SWHS robotics team competes in regional event

By Kim Gorman - ReminderNews
South Windsor - posted Thu., Jan. 19, 2012
SWHS Bobcats VEX Robotics team members prepare for the regional competition. Photos by Kim Gorman.
SWHS Bobcats VEX Robotics team members prepare for the regional competition. Photos by Kim Gorman.

South Windsor High School’s Bobcats Robotics team faced stiff competition in the regional VEX Robotics Qualifier held at Manchester High School on Jan. 14. The event drew teams from all over New England to compete for a chance to qualify for the U.S National and World Championships.

According to SWHS senior Viren Shinde, the goal for each team is to score the most points during a competition. This was achieved by a driver controlling a robot which was designed, constructed and operated to place as many balls as possible into barrels, or goals, with its claw. The teams compete against one another by forming alliances with other teams.

“There are four robots on the field at a time,” said Bobcats Robotics team advisor and SWHS teacher Norman Smith. “Each robot is a team and two teams become an alliance. The winning teams in qualifying matches choose their alliance.”

In addition to a driver, each team requires programmers and builders. Sophomore Jackie Gaston is a programmer for the Bobcats and the only female team member. She became interested in robotics after watching her older brother compete in the FIRST Lego League, which is a version of robotics that uses Lego bricks to build robots.

“I’m also one of the most organized people on the team,” she said. “I keep them on track.”

SWHS has two robotics teams.
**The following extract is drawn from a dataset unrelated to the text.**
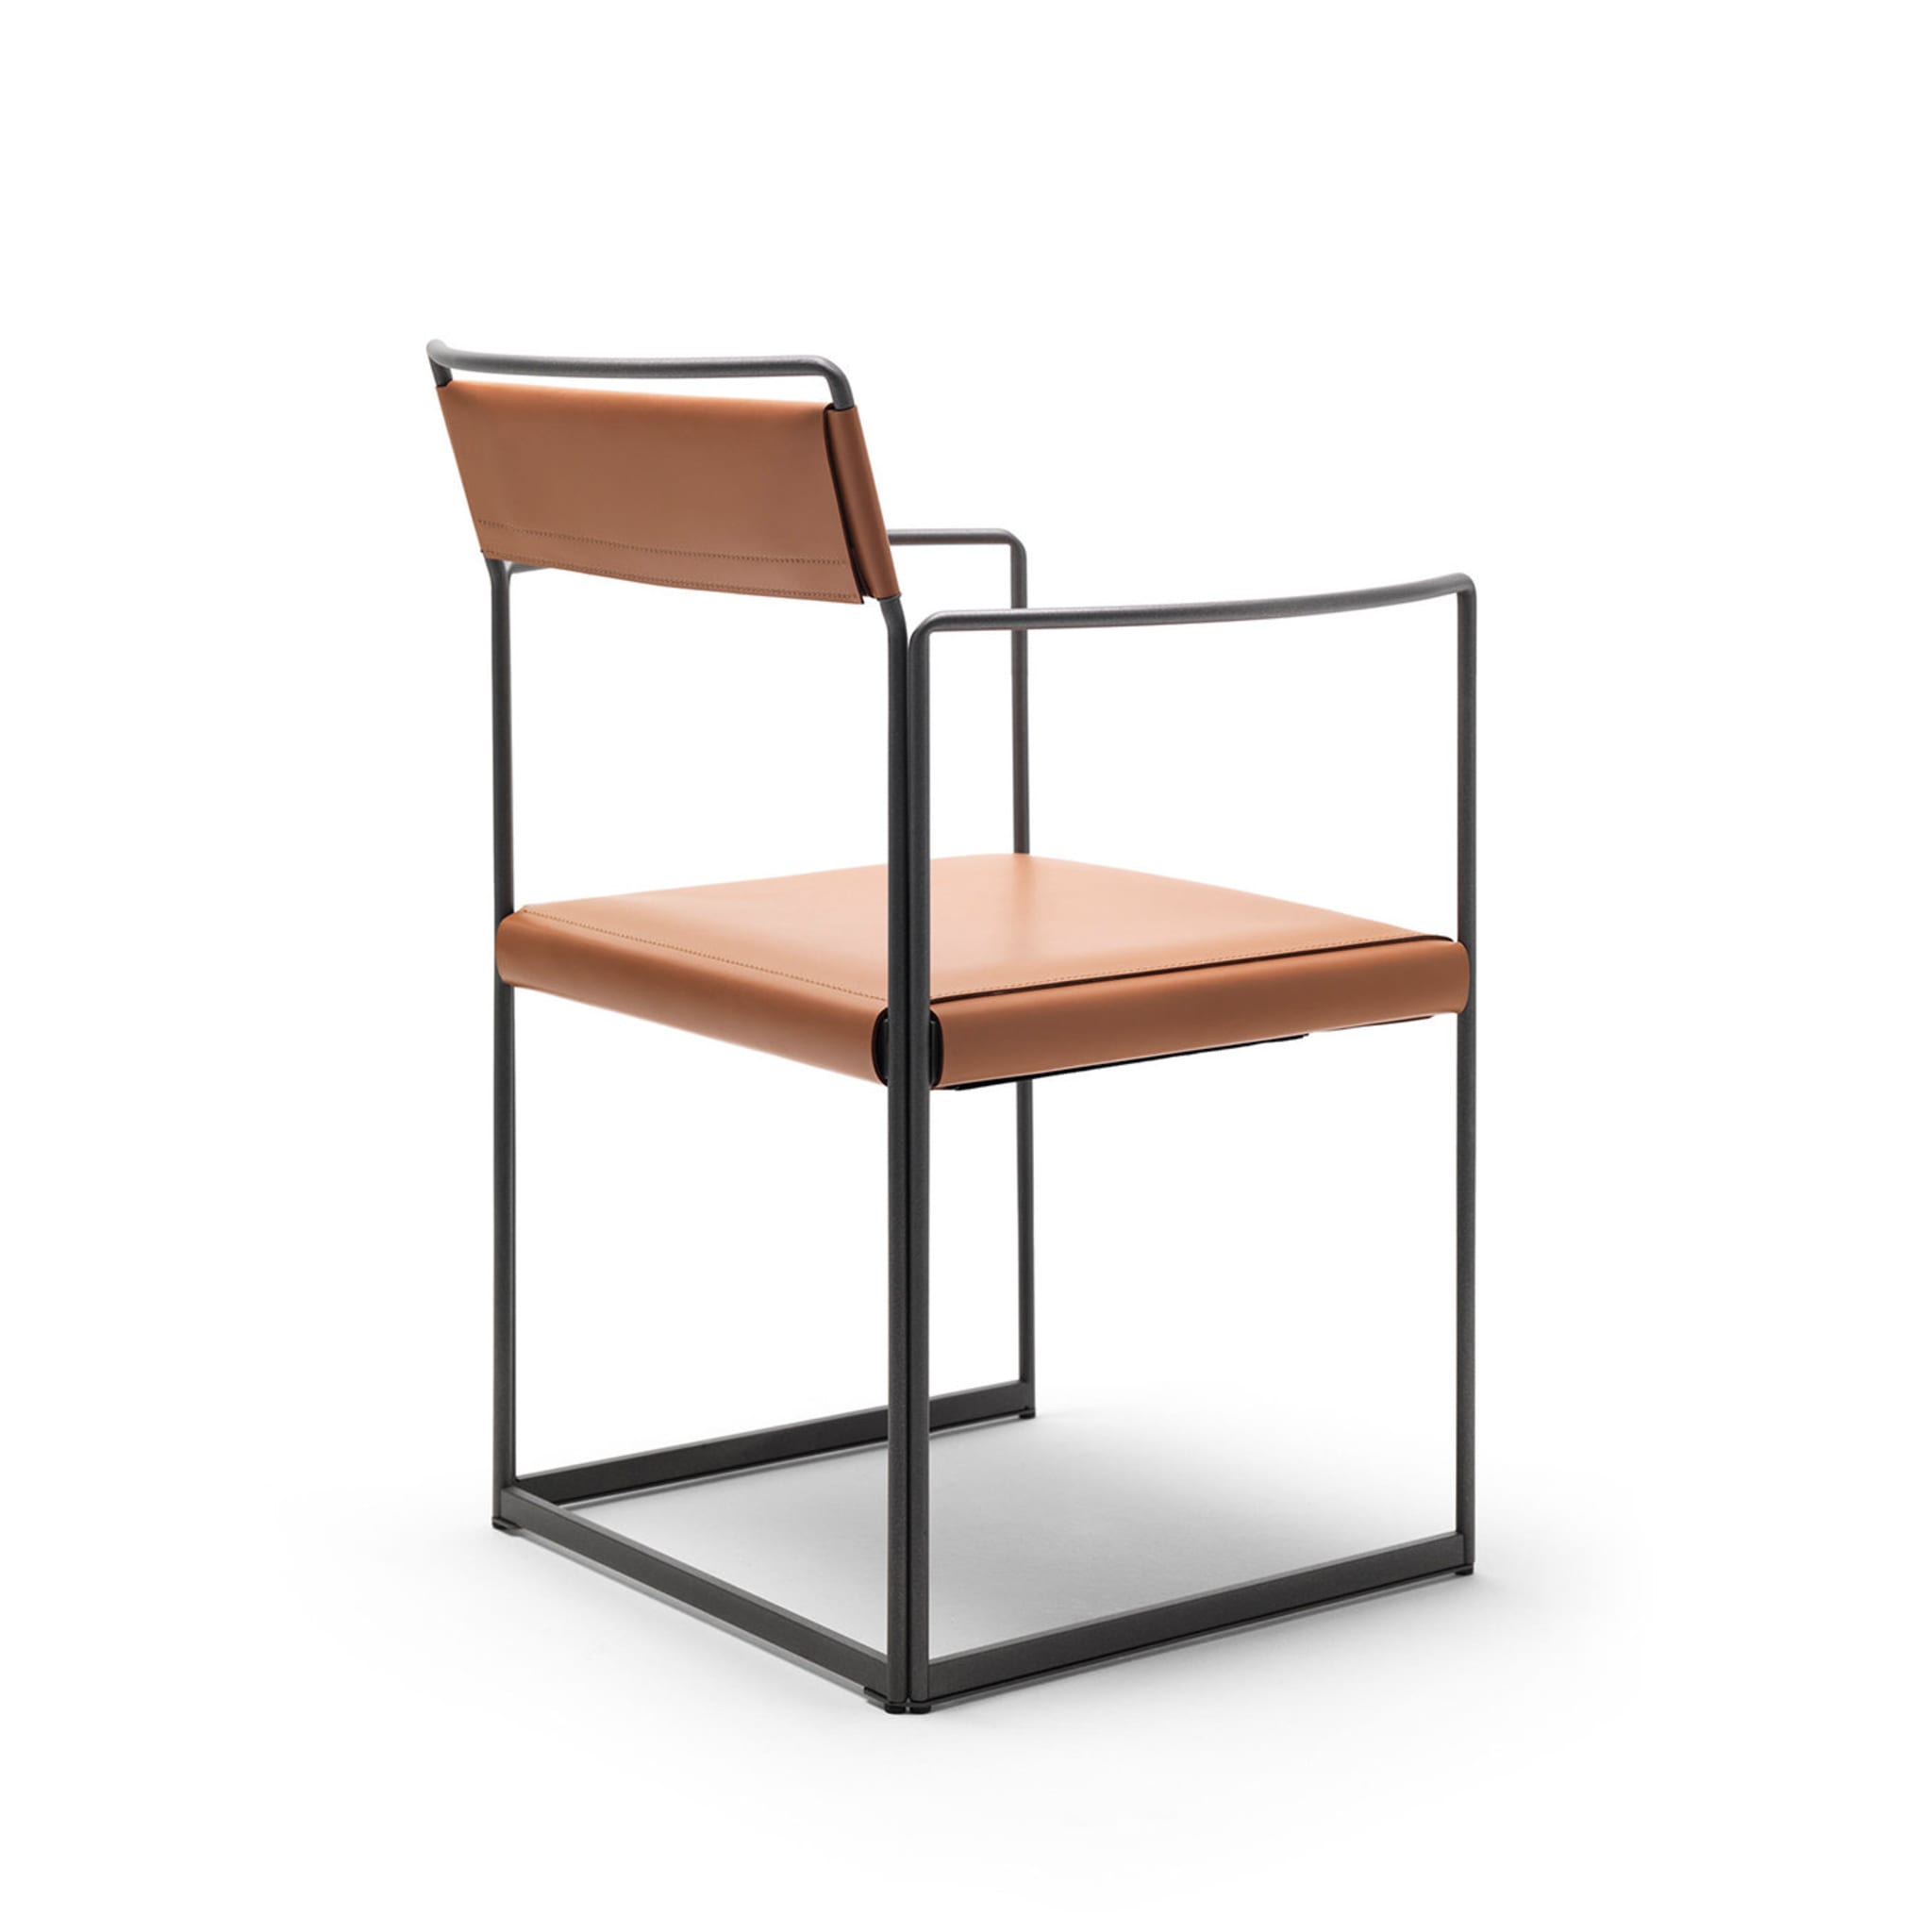 Ne Outline Chair - Alternative view 1

FIRST Robotics (an acronym for “For Inspiration and Recognition of Science and Technology”) robots are the largest and most expensive to build, since they must be manufactured. VEX Robotics are assembled by hand from different parts, making them more affordable to build.

Smith said freshmen and sophomore students usually start out on the VEX team. Once they learn about programming and building robots without manufacturing, they graduate to FIRST.

“As kids get more involved, they recognize the importance of building a good robot,” said Smith. “They find out what their robots can and can’t do, and work toward improving them.”

Shinde, who has been involved with the robotics team since he was a freshmen, said that the learning process is intuitive. “Experimenting and improvising are a big part of it. Mr. Smith helps out with the more complex mechanical process,” he said.

The SWHS team did not qualify for the national or world championships this year, but the Bobcats are gearing up for the next big VEX Robotics competition, scheduled to take place at Central Connecticut State University in March.